RECORD EXTRACTS:
══════

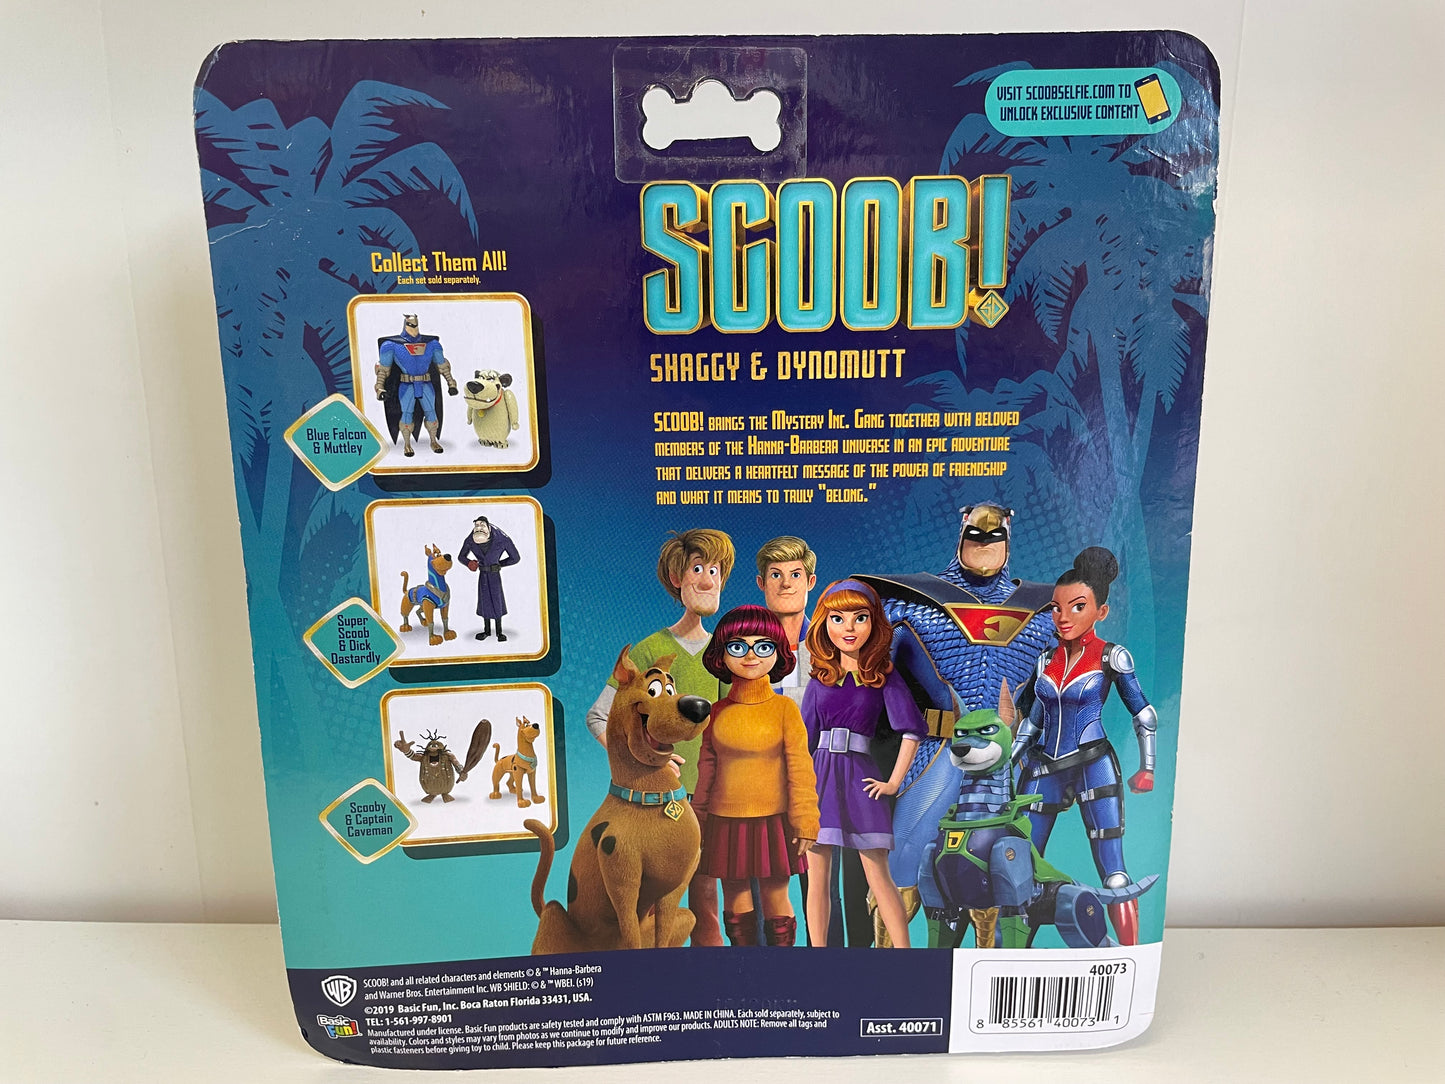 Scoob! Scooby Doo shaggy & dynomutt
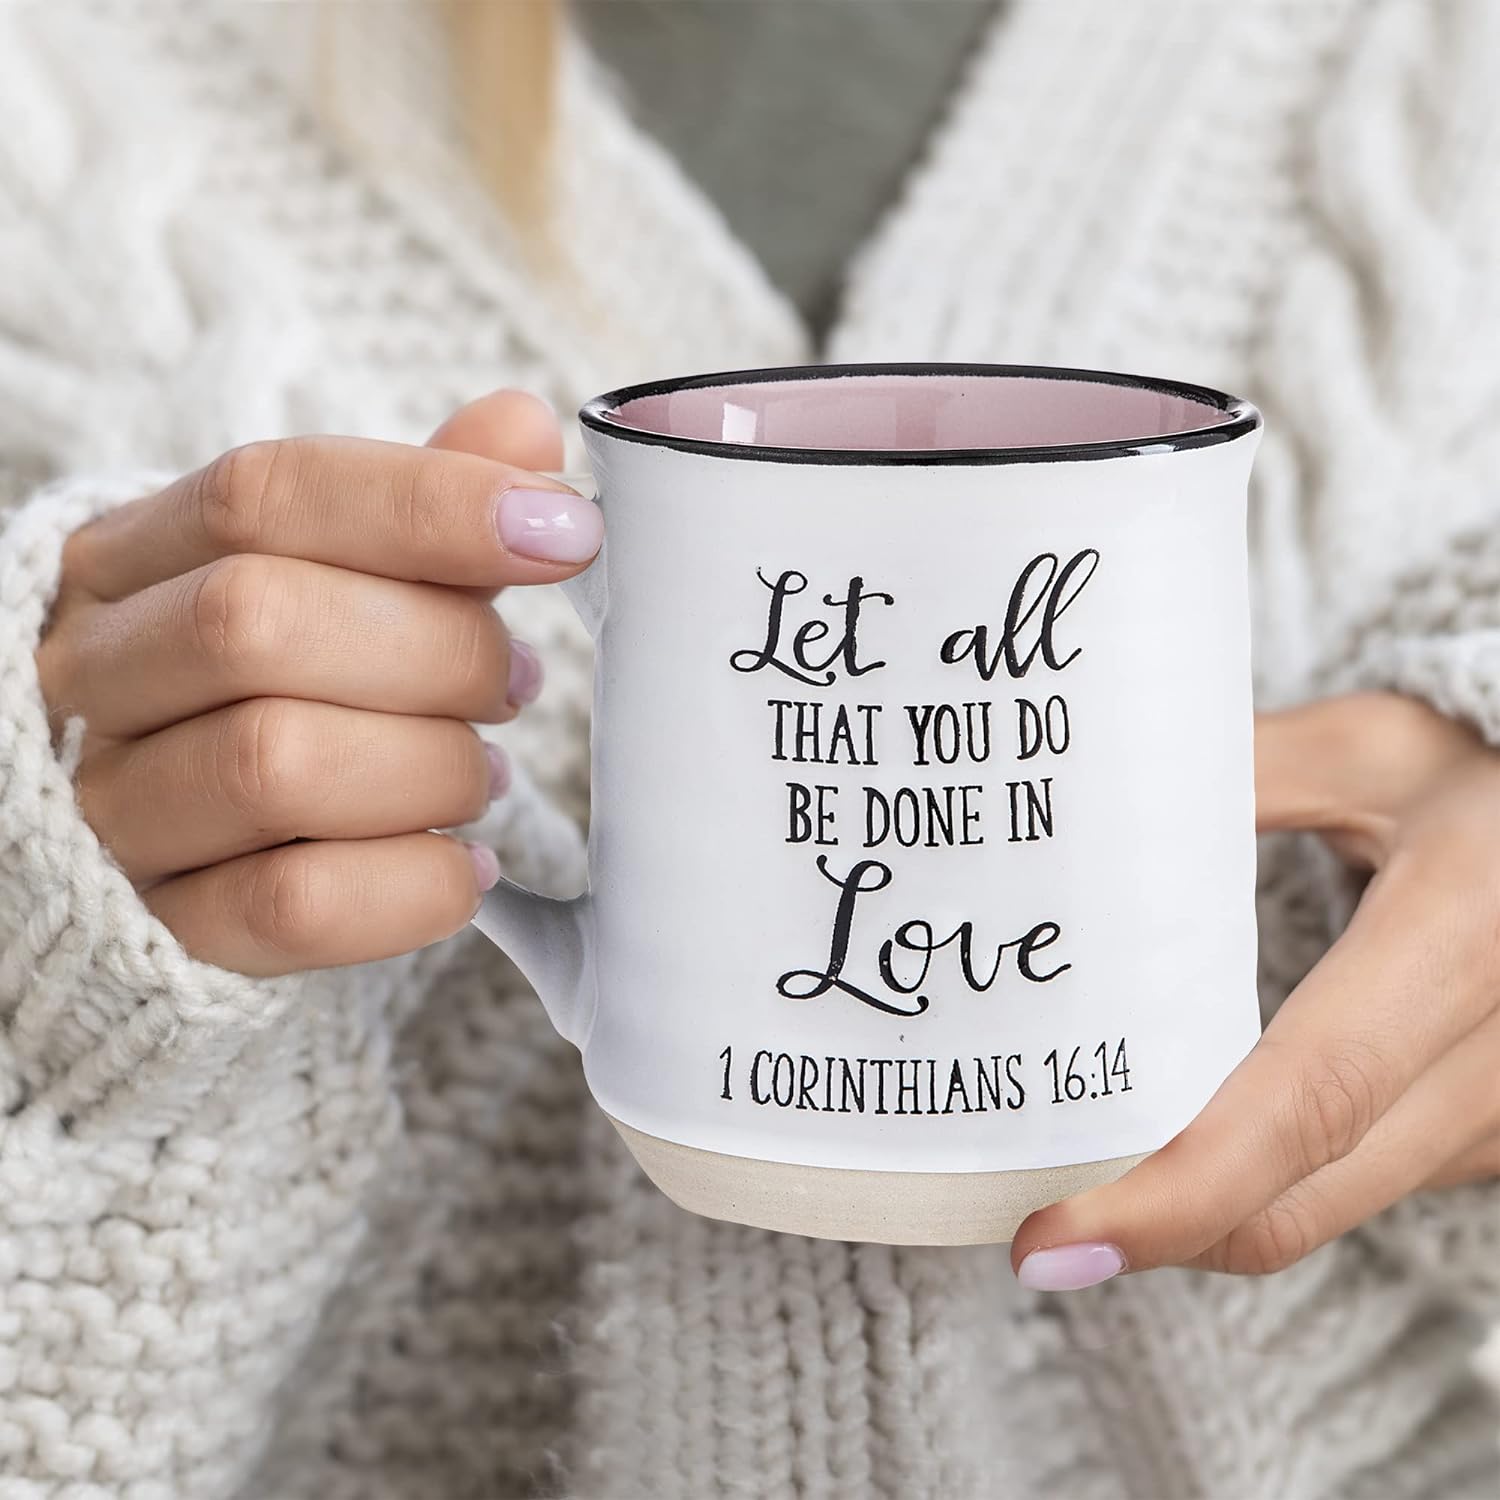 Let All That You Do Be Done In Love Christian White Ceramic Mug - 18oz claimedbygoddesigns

══════

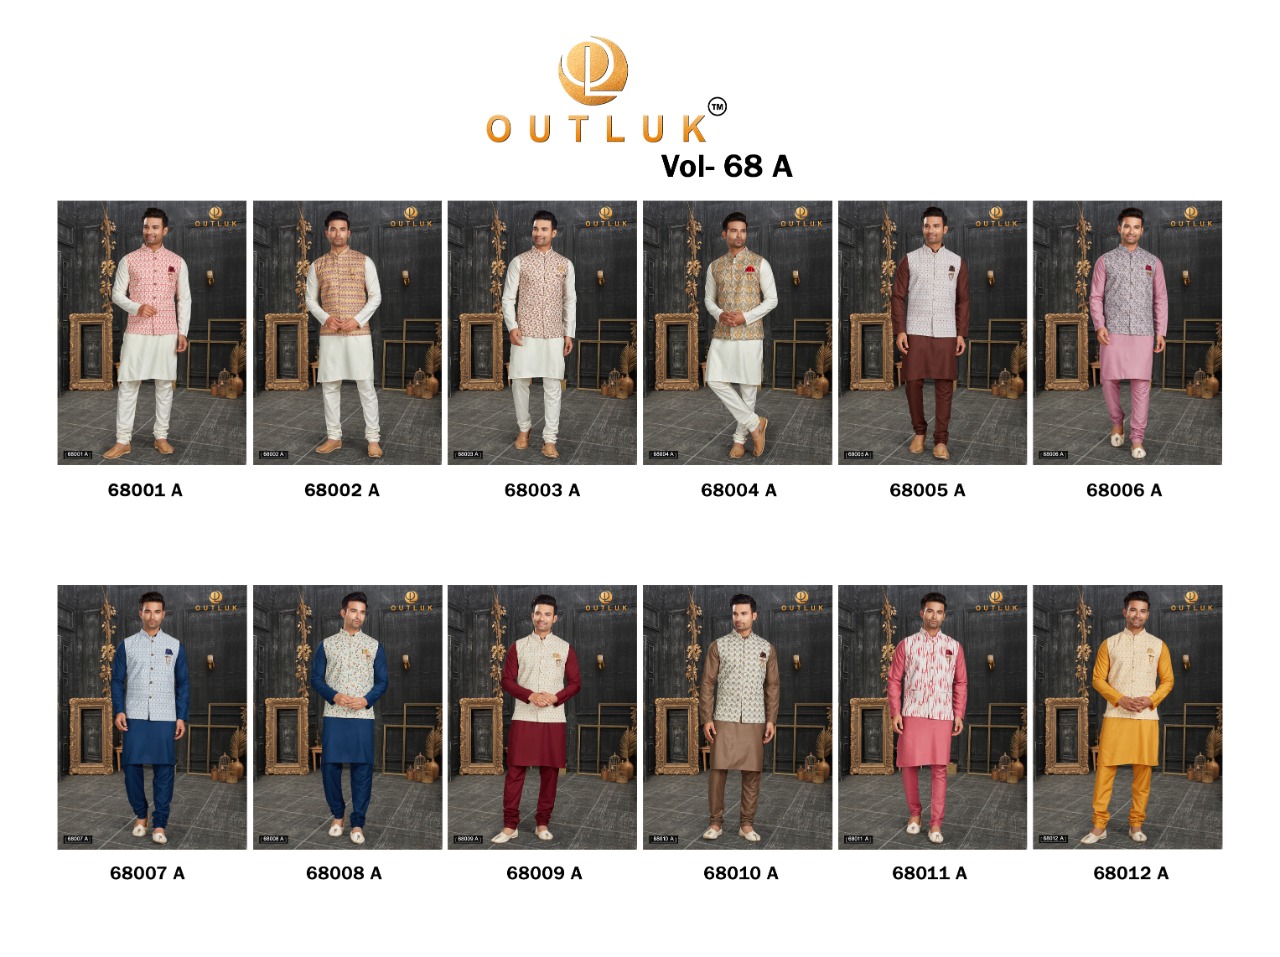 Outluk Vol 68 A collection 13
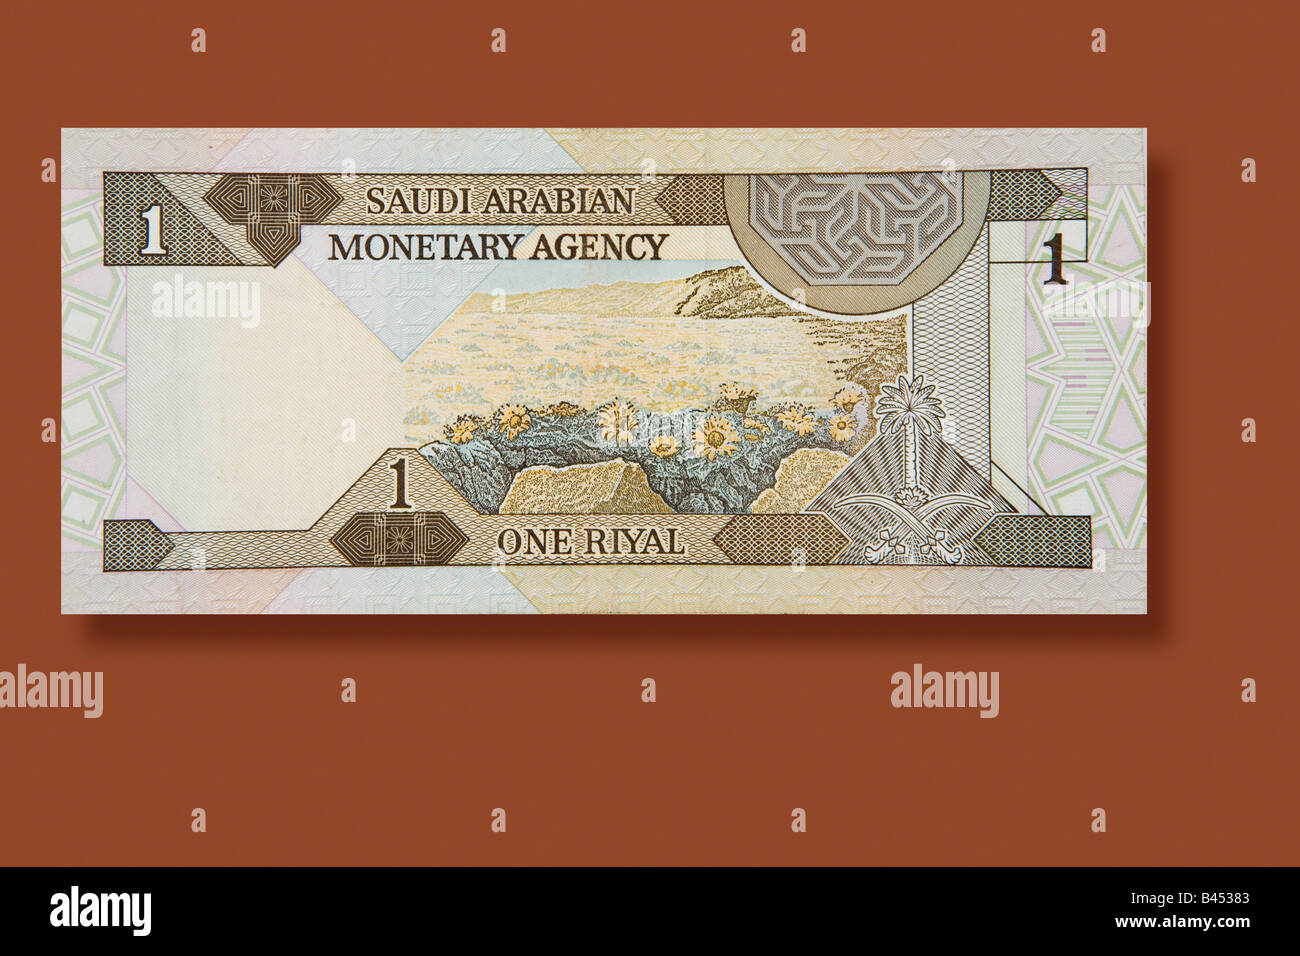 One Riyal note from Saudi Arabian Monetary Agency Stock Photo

══════

In the entries above, every line from the line with "Scoob! Scooby Doo shaggy & dynomutt" to the line with "Let All That" is to be printed exactly, with both ends included and pictures excluded.

 Scoob! Scooby Doo shaggy & dynomutt
 Let All That You Do Be Done In Love Christian White Ceramic Mug - 18oz claimedbygoddesigns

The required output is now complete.